Just as important to Louboutin’s legacy as what was in the museum, however, is who was in it for the opening. In the 1980s, Louboutin and his gang of friends, which included Dombasle; Farida Khelfa, the model who is now a brand ambassador for Schiapparelli; and Vincent Darré, who went on to become a sought-after interior designer, were fixtures in the creative nightlife scene in Paris and London. All these friends were there to toast him, as well as the actresses Charlotte Rampling and Fanny Ardent, Pedro Almodóvar’s muse Rossy de Palma, the fashion designer Diane von Furstenberg, the singer Janelle Monáe, and the burlesque star Dita von Teese, to name but a few.

“I’m not going to give a speech because that’s very Anglo-Saxon, and I am very French,” said Louboutin, who nonetheless managed to squeeze out a few words, recounting how, as a kid, he had found a way to be expelled from not one, or two, but three schools. “The Palais de la Porte Dorée was so important for my childhood, that it was the only place where I felt I could have an exhibition that felt authentic. This is where I was born. And everyone who is here has been a part of my story.”

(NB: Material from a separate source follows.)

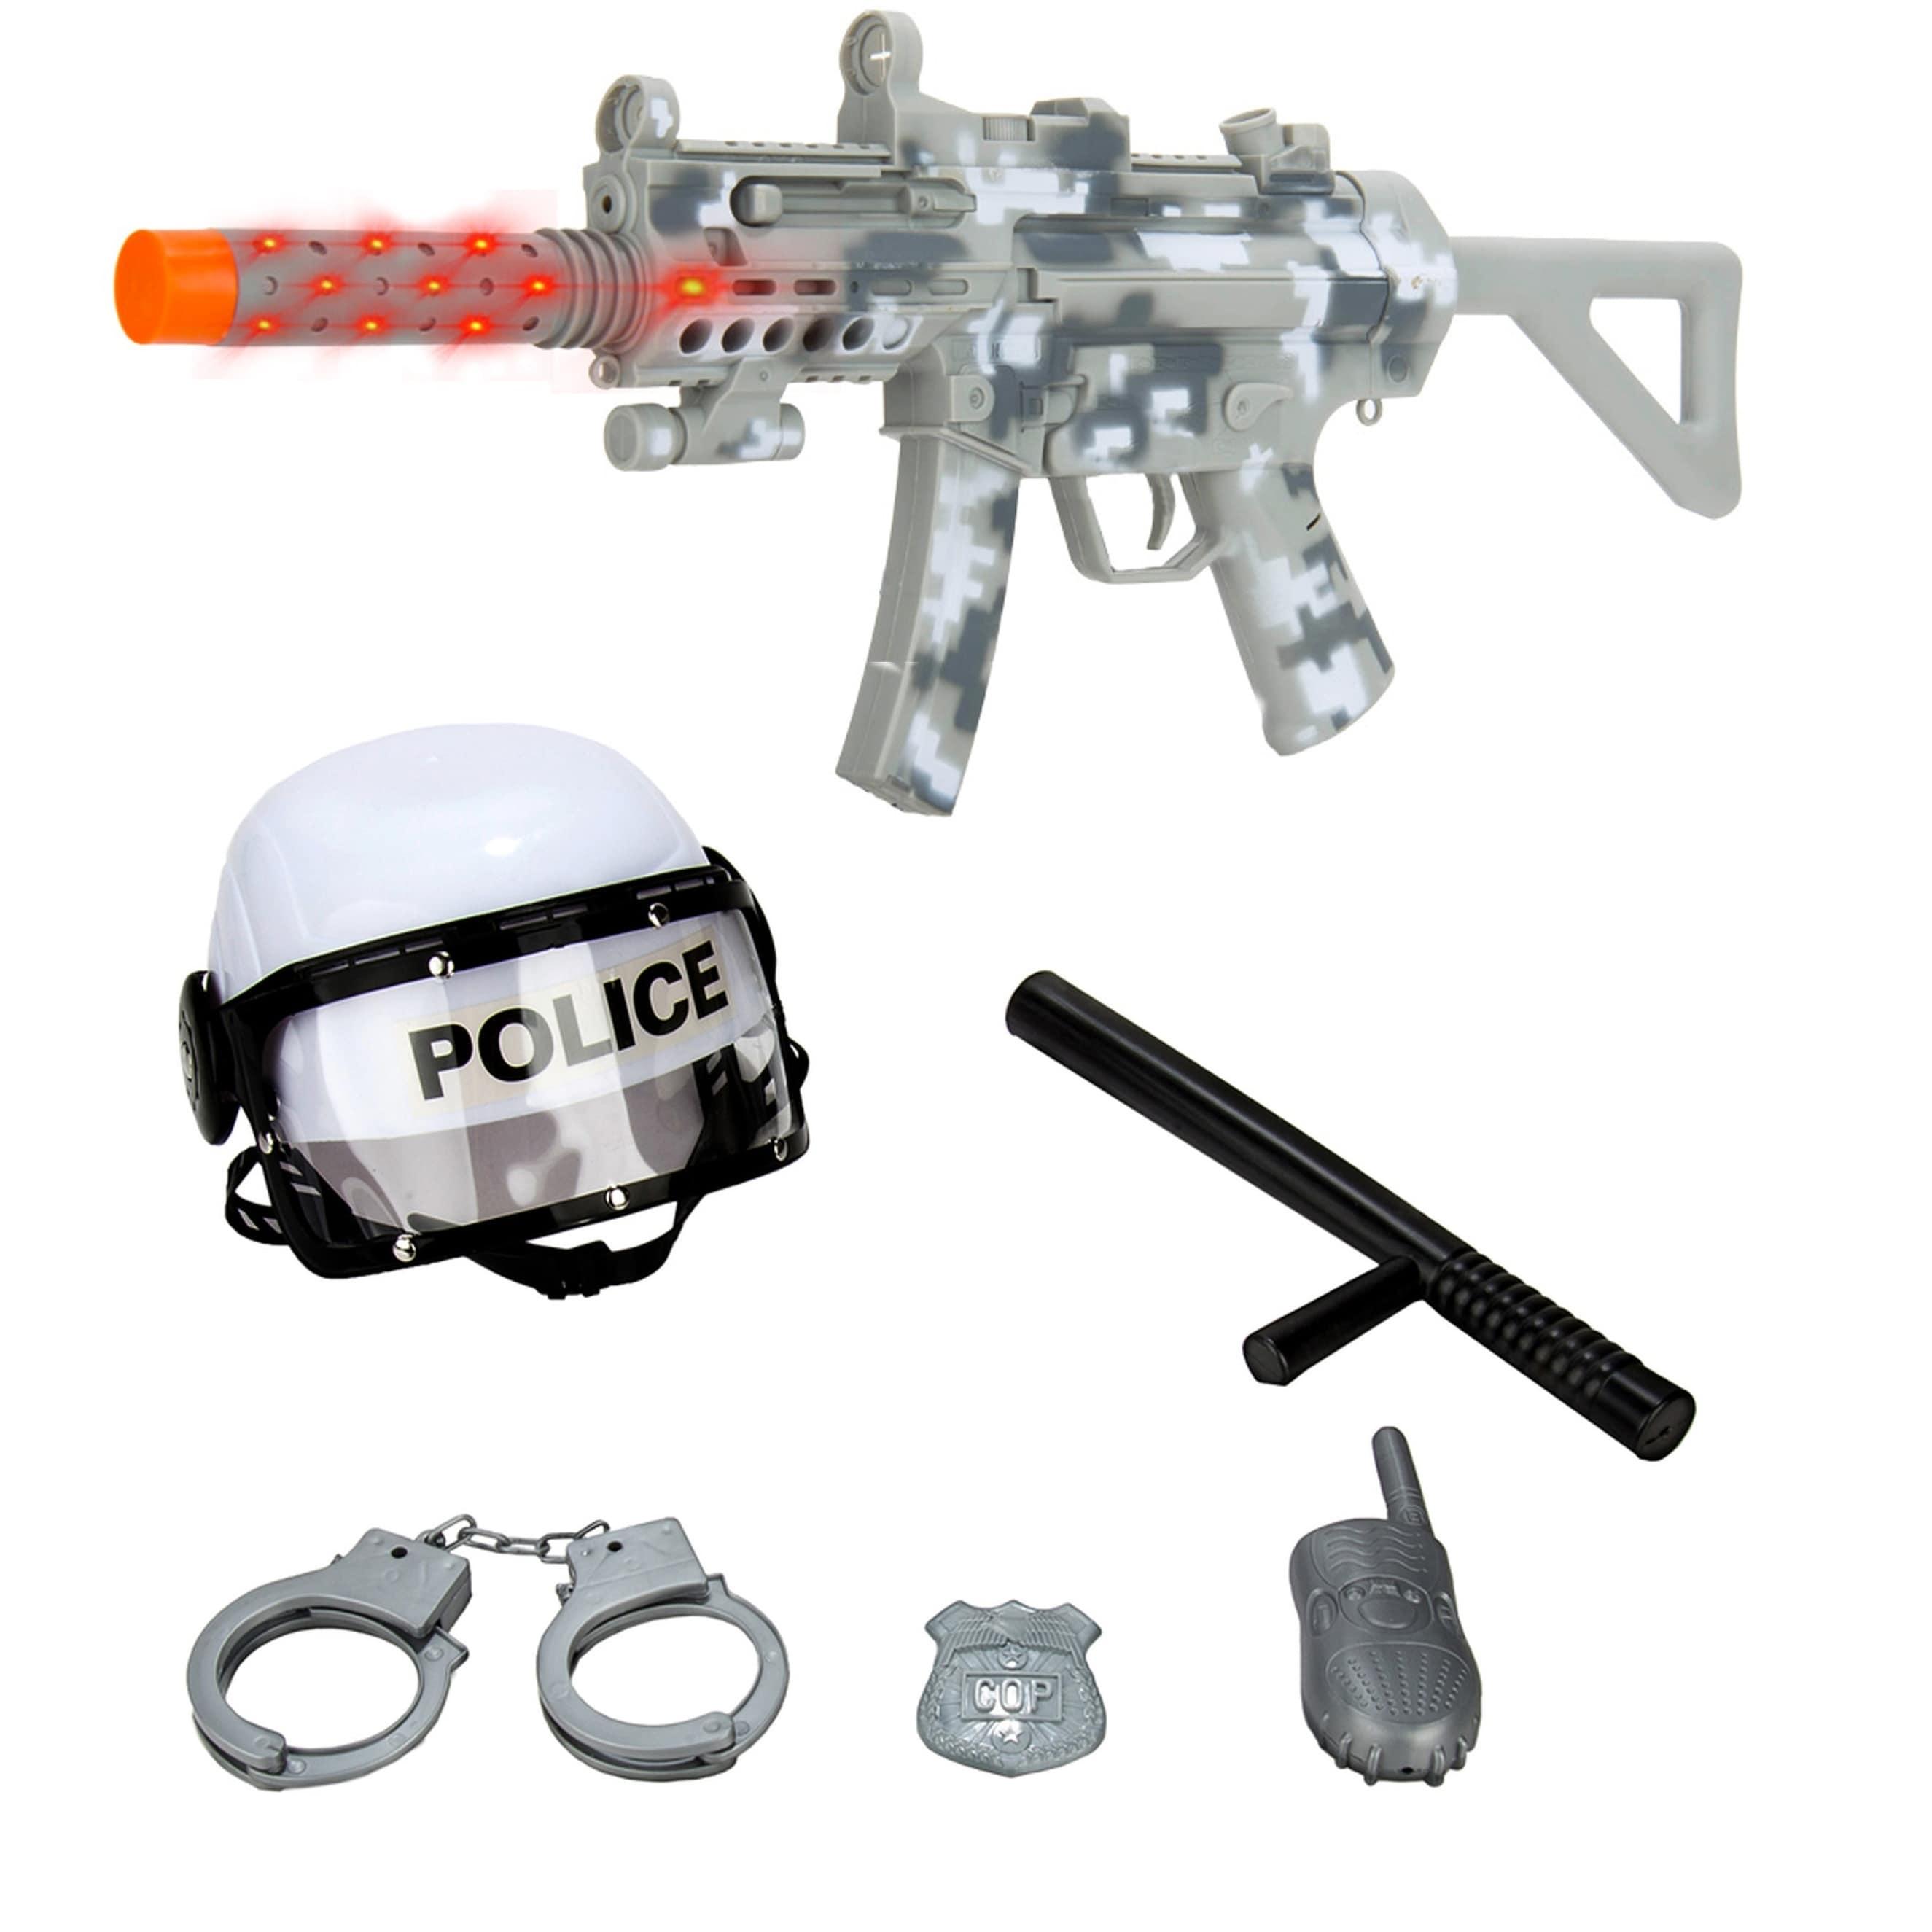 Police Combat Force y Kids Toy Gun Set with Flashing Light Sound

Diane Von Furstenberg attends the exhibition opening of “L’Exibition[niste],” by Christian Louboutin, as part of Paris Fashion Week, on February 24, 2020. Photograph courtesy of Christian Louboutin.

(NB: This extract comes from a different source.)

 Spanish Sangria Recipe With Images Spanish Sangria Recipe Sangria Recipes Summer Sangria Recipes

Janelle Monae attends the exhibition opening of “L’Exibition[niste],” by Christian Louboutin, as part of Paris Fashion Week, on February 24, 2020. Photograph courtesy of Christian Louboutin.

Dita Von Teese attends the exhibition opening of “L’Exibition[niste],” by Christian Louboutin, as part of Paris Fashion Week, on February 24, 2020. Photograph courtesy of Christian Louboutin.

Igor Dewe attends the exhibition opening of “L’Exibition[niste],” by Christian Louboutin, as part of Paris Fashion Week, on February 24, 2020. Photograph courtesy of Christian Louboutin.